Implementing Pagination with MuleSoft
There could be a situation, in which we are consuming an API and the result is returned in multiple pages. Your business case needs the Mule Application to have a capability to process all results from all pages and return the response as per specification. Therefore, we are presented with a business problem to resolve – how to process n number of pages and return the combined response back to the calling client.
As per design your backend API only returns x number of records per page and depending on the total number of records it could be n number of pages. So, as a consumer of that backend system and gateway to the client, you are responsible to maintain pagination.
Let’s talk about how we resolve this problem effectively using MuleSoft. One simple solution to this problem is implementing a recursive flow that calls the backend system API n number of times until all records are fetched and no new pages exist.
Pros: Main advantage of this approach is the simplicity and also that it’s easier to implement.
Synchronous approach. Hence, the next page cannot be fetched until the processing of prior pages are completed.
Response would be slow.
Main disadvantage is, if we have many records and if you need to iterate too many times, Mule Runtime might crash with “Too many child contexts” error.
An alternative solution to this problem is to implement this in a more complex way and asynchronous processing could be a saviour here.
To demonstrate this approach, we will be calling the GitHub API to return all the repositories under a specific user/organization.

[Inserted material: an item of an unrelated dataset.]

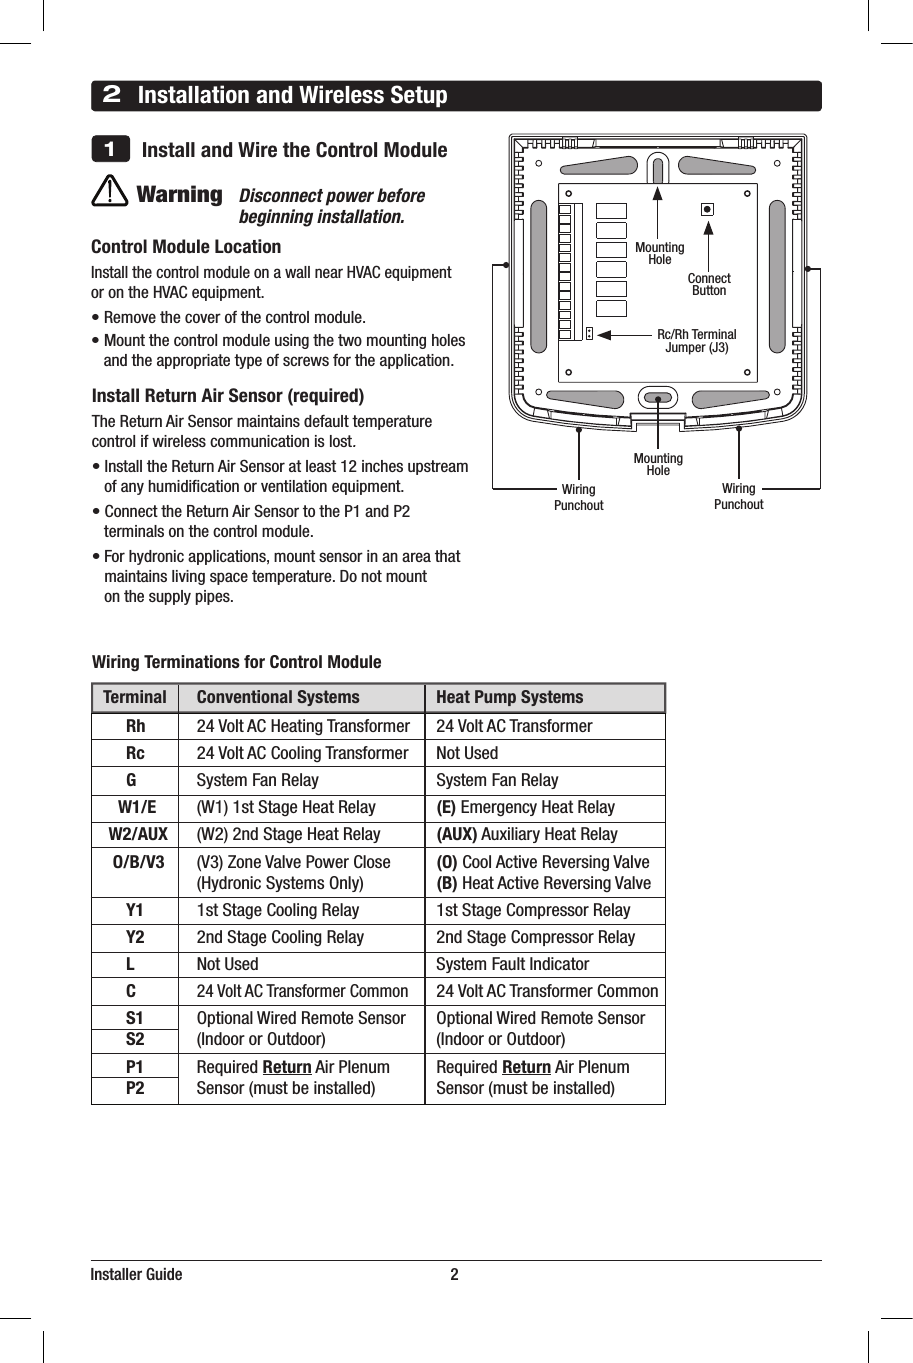 Installer Guide                                                                   22Installation and Wireless Setup    Install and Wire the Control Module1Wiring Terminations for Control Module  Terminal  Conventional Systems  Heat Pump Systems  Rh 24VoltACHeatingTransformer 24VoltACTransformer  Rc 24VoltACCoolingTransformer NotUsed  G SystemFanRelay SystemFanRelay  W1/E (W1)1stStageHeatRelay (E)EmergencyHeatRelay    W2/AUX (W2)2ndStageHeatRelay (AUX)AuxiliaryHeatRelay     O/B/V3 (V3)ZoneValvePowerClose (O)CoolActiveReversingValve   (HydronicSystemsOnly) (B)HeatActiveReversingValve  Y1 1stStageCoolingRelay 1stStageCompressorRelay  Y2 2ndStageCoolingRelay 2ndStageCompressorRelay  L NotUsed  SystemFaultIndicator  C 24VoltACTransformerCommon 24VoltACTransformerCommon  S1 OptionalWiredRemoteSensor OptionalWiredRemoteSensor  S2 (IndoororOutdoor) (IndoororOutdoor)  P1 RequiredReturnAirPlenum RequiredReturnAirPlenum  P2 Sensor(mustbeinstalled) Sensor(mustbeinstalled)WarningDisconnect power before beginning installation.Control Module LocationInstallthecontrolmoduleonawallnearHVACequipment orontheHVACequipment.•Removethecoverofthecontrolmodule.•Mountthecontrolmoduleusingthetwomountingholesandtheappropriatetypeofscrewsfortheapplication.Install Return Air Sensor (required)TheReturnAirSensormaintainsdefaulttemperaturecontrolifwirelesscommunicationislost.•InstalltheReturnAirSensoratleast12inchesupstream ofanyhumidicationorventilationequipment.•ConnecttheReturnAirSensortotheP1andP2  terminals on the control module.•Forhydronicapplications,mountsensorinanareathat maintainslivingspacetemperature.Donotmount onthesupplypipes. WiringPunchoutMountingHoleMountingHoleWiringPunchout  Heat Only  Set System Type to 11CONV Rh 24VoltACPower(heatingtransformer)[note 1] W1 HeatRelay G FanRelay[note 3] C 24VoltACTransformerCommon 1 HEAT / 1 COOL Single or Dual Transformer   Set System Type to 11CONV Rh 24VoltACPower(heatingtransformer)[note 1] Rc 24VoltACPower(coolingtransformer)[note 1] W1 HeatRelay Y1 CompressorRelay G FanRelay C 24VoltACTransformerCommon[note 2] 2 HEAT / 2 COOL Single or Dual transformer  Set System Type to 22CONV Rh 24VoltACPower(heatingtransformer)[note 1] Rc 24VoltACPower(coolingtransformer)[note 1] W1 HeatRelayStage1 W2 HeatRelayStage2 Y1 CompressorRelayStage1 Y2 CompressorRelayStage2 [note 3] G FanRelay C 24VoltACTransformerCommon[note 2]ConnectButton Rc/RhTerminalJumper (J3)

There are a few steps of authentication before we can call the GitHub API to get all the results.
Authentication for GitHub API
There are two ways to authenticate through the GitHub REST API.
1) Basic authentication
$ curl -u "username" https://api.github.com
2) OAuth2 token (sent in a header)
$ curl -H "Authorization: token OAUTH-TOKEN" https://api.github.com
The recommended way of authentication is OAuth tokens using Authorization Header.
As a part of this implementation, we will be doing authorization as OAuth using a Personal Access Token. Personal Access Tokens can be generated for each user and can be sent as Authorization header.
If you want to know more details about how to create a Personal Access Token for your GitHub account, you can follow this link.
Main implementation involves two steps:
Step 1: Initial step is to get the results for the first page. This is handled by the GetFirstPageResponse sub-flow which essentially calls the GitHub API with page number as 1.
Step 2: Once we have page 1 result, we will call ProcessPageResults sub-flow to fetch subsequent pages and appending the results of all pages.
Step 1: Getting First Page from GitHub API
Getting the first page is straight forward. We set up essential variables like pageNumber which will facilitate calling the GitHub API. Then, we invoke the GitHub API to get the results of the first page. For more details about how to call the GitHub API, you can follow the section “Invoking GitHub API.” Next step is storing this result in an Object Store. We store the results of first page in Object Store to smoothly append the results of all pages at the end of the process which we will be seeing in a moment.
Step 2: Processing Subsequent Pages
From the previous section, we have fetched the first page of GitHub API, now it’s our turn to process the results from other pages. In this section, we will be discussing about processing of subsequent pages asynchronously.